The first option is certainly easy to implement. But what if you want to run parts of your programs with Pytorch and parts with TF2? Options 2 and 3 require significant efforts ahead of any further updates of either TF and PyTorch. They also have the disadvantage that you cannot test the latest CUDA version for compatibility and performance of your ML-programs.

Function tensorflow.load_library to the rescue

Option 4 is based on providing a path to a certain so-library for cudnn on your Linux system. It will work in this form on your own Linux system, only, and is not suited for a productive version of your ML-application on another platform without proper modifications. But it is simple to use – and it can easily be eliminated as soon as your ML-programs are ripe for production.

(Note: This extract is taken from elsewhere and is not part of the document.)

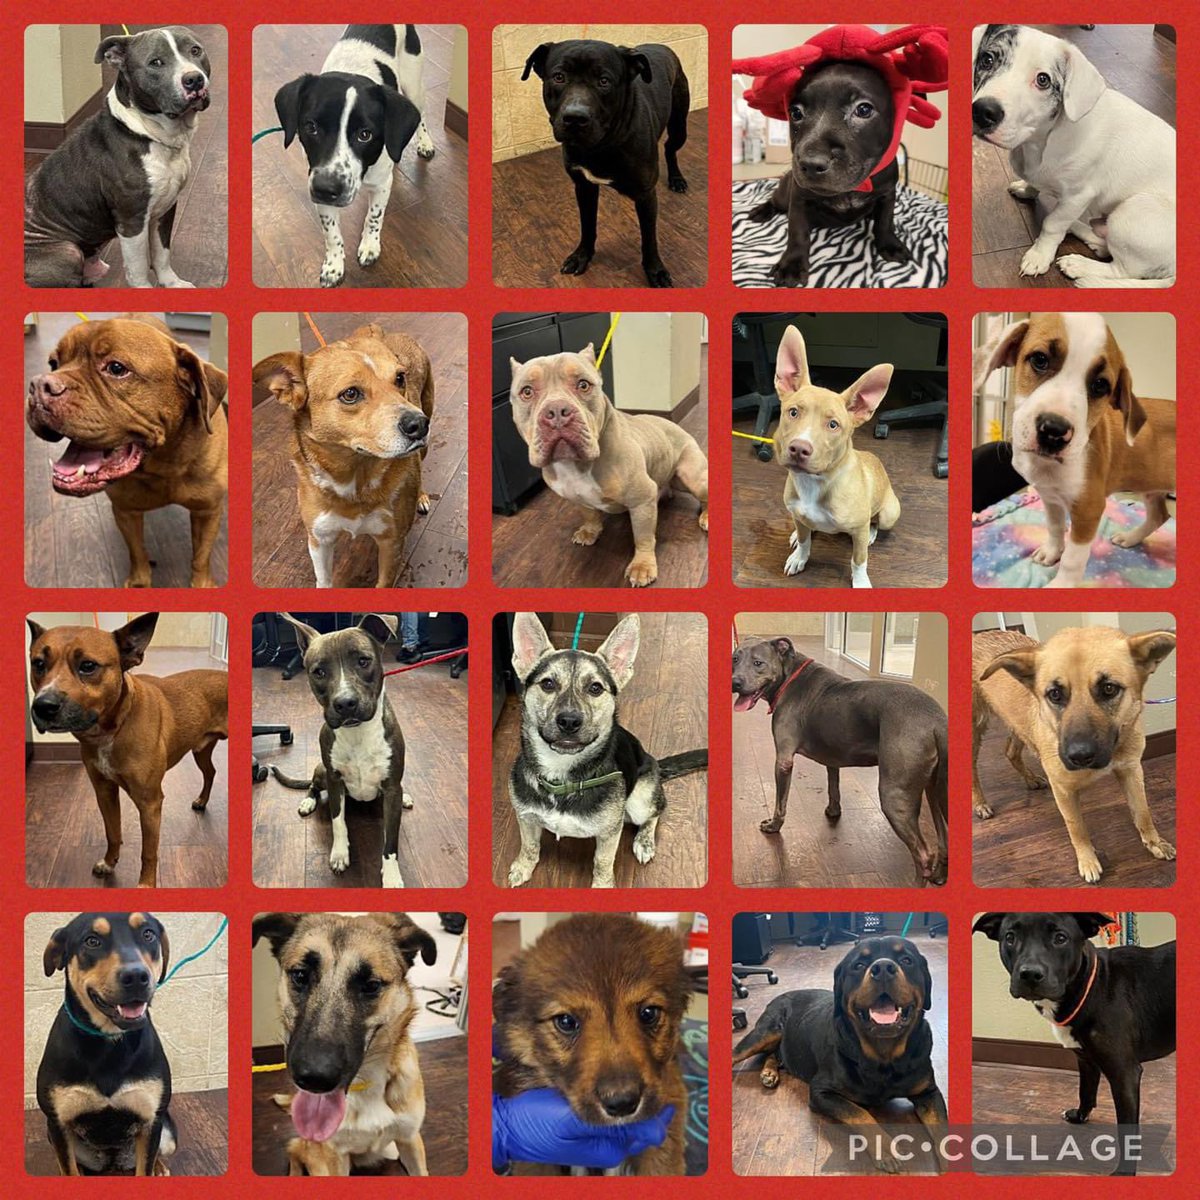 ‼️SHELTER DOGS ARE ALMOST FULL‼️#Greenville #Texas Only 2 kennels are open Can’t adopt? Considering fostering a dog while a reputable rescue works to find these dogs GOOD homes. PLEASE go in or email animalcontrol@ci.greenville.tx.us MORE links below ⬇️ #dogsoftwitter
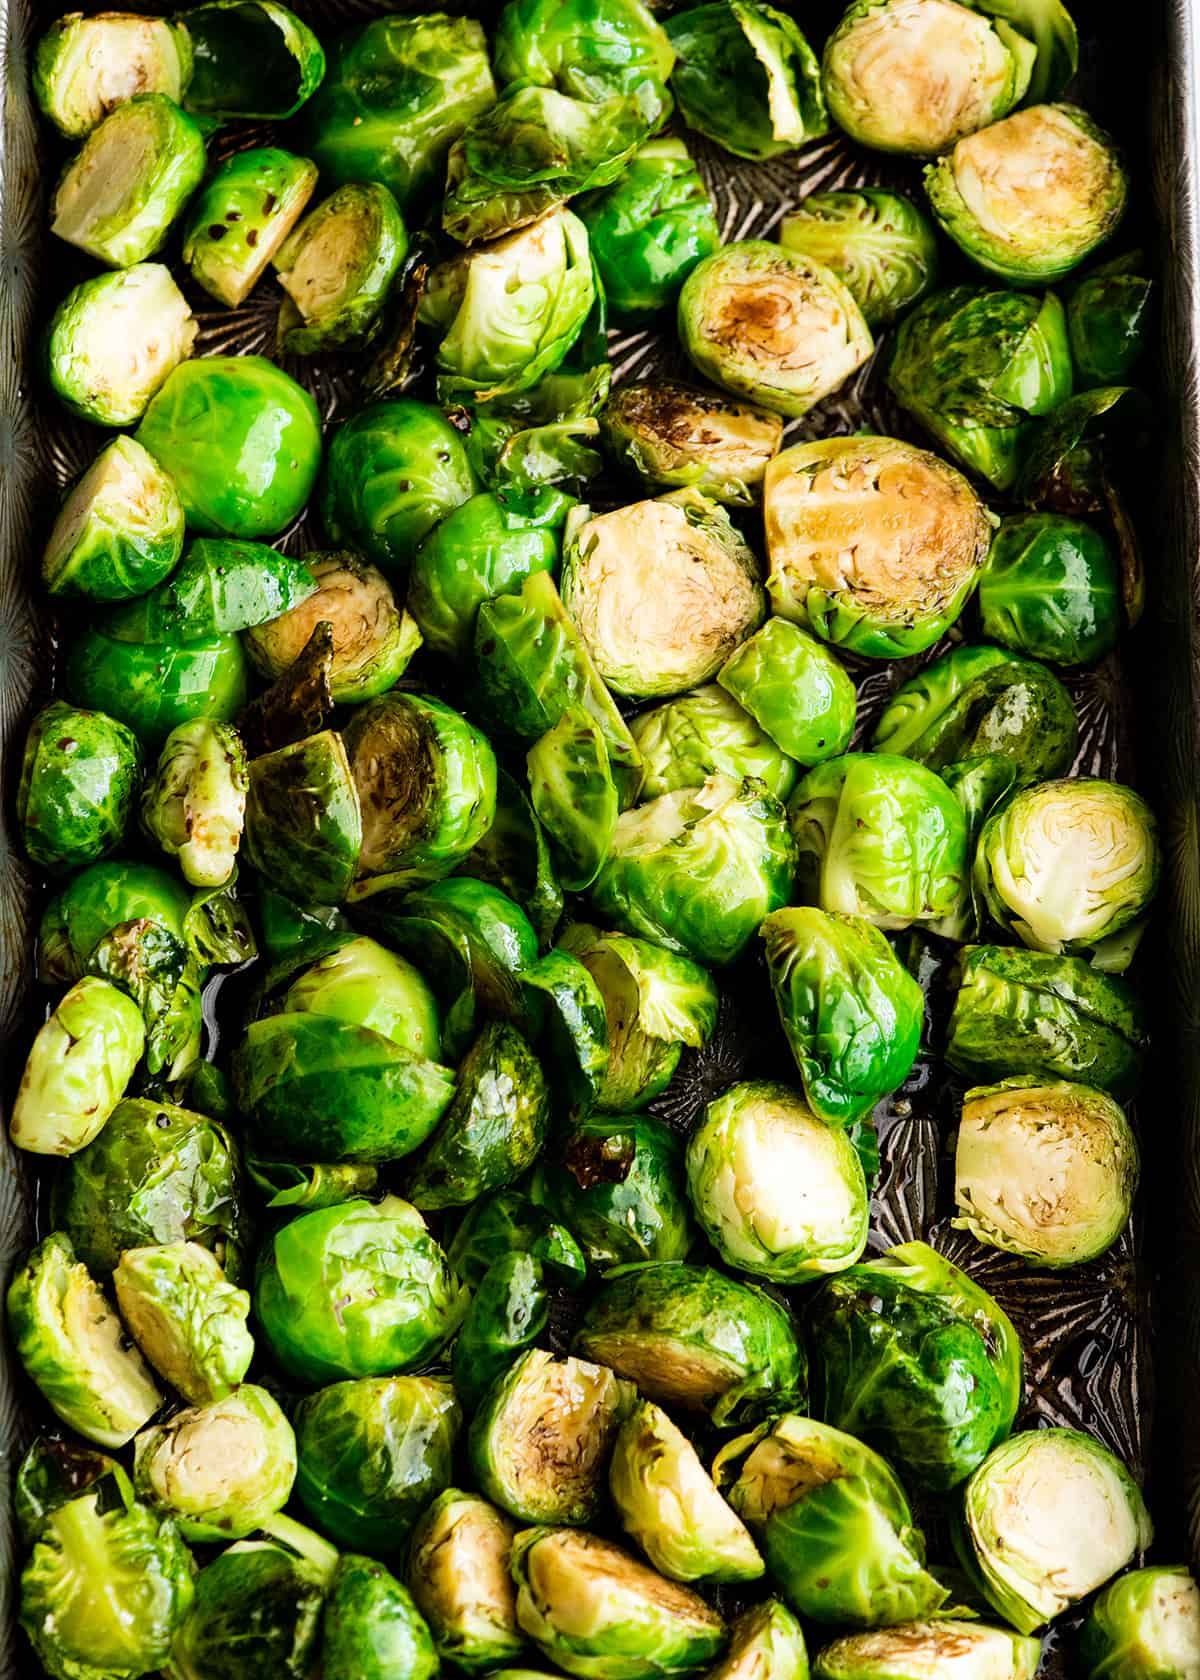 partially roasted Brussels sprouts after adding balsamic glaze

Option 4 works because once you have loaded a certain library to be used by TF2, it will not be loaded again. Therefore, you can direct TF to our global so-library via providing a path to tensorflow.load_library (), before TF2 actually takes control of your computation device.

In my case the global installation of CUDA (via a respective repository for Opensuse) changed links in /usr/lib64 already properly to point to the directory of the system’s global CUDA-installation (you find it typically under /usr/local/cuda-xx.x or under /opt/cuda-xx.x on a Linux system). /If your links in /usr/lib64 are not set or do not fit the actual CUDA installation, you may need to change them manually.) I provide the following path very early in my Python programs in a section for loading modules:

import tensorflow as tf
tf.load_library("/usr/lib64/libcudnn.so")                   

This worked perfectly, as the path leads to a link pointing to my 9.7.1 version of cudnn.so. I got no error messages and I could use Pytorch and TF2 in one and the same code (of course for two separately set up neural network models according to each platforms rules).

Conclusion

The coexistence of a local CUDA/cudnn installation in a Python environment can conflict with a global CUDA/cudnn installation on your Linux-system. Directing TF2 to load the right version of the cudnn-library so-module via a parameter to tf.load_library is an easy and controllable way to circumvent version problems. I hope that someone of the TF2 developers in the future invests some time in a better analysis of which cudnn so-module to load on a Linux system with a global CUDA installation – e.g. by following a respective path included in an environment variable LD_LIBRARY_PATH.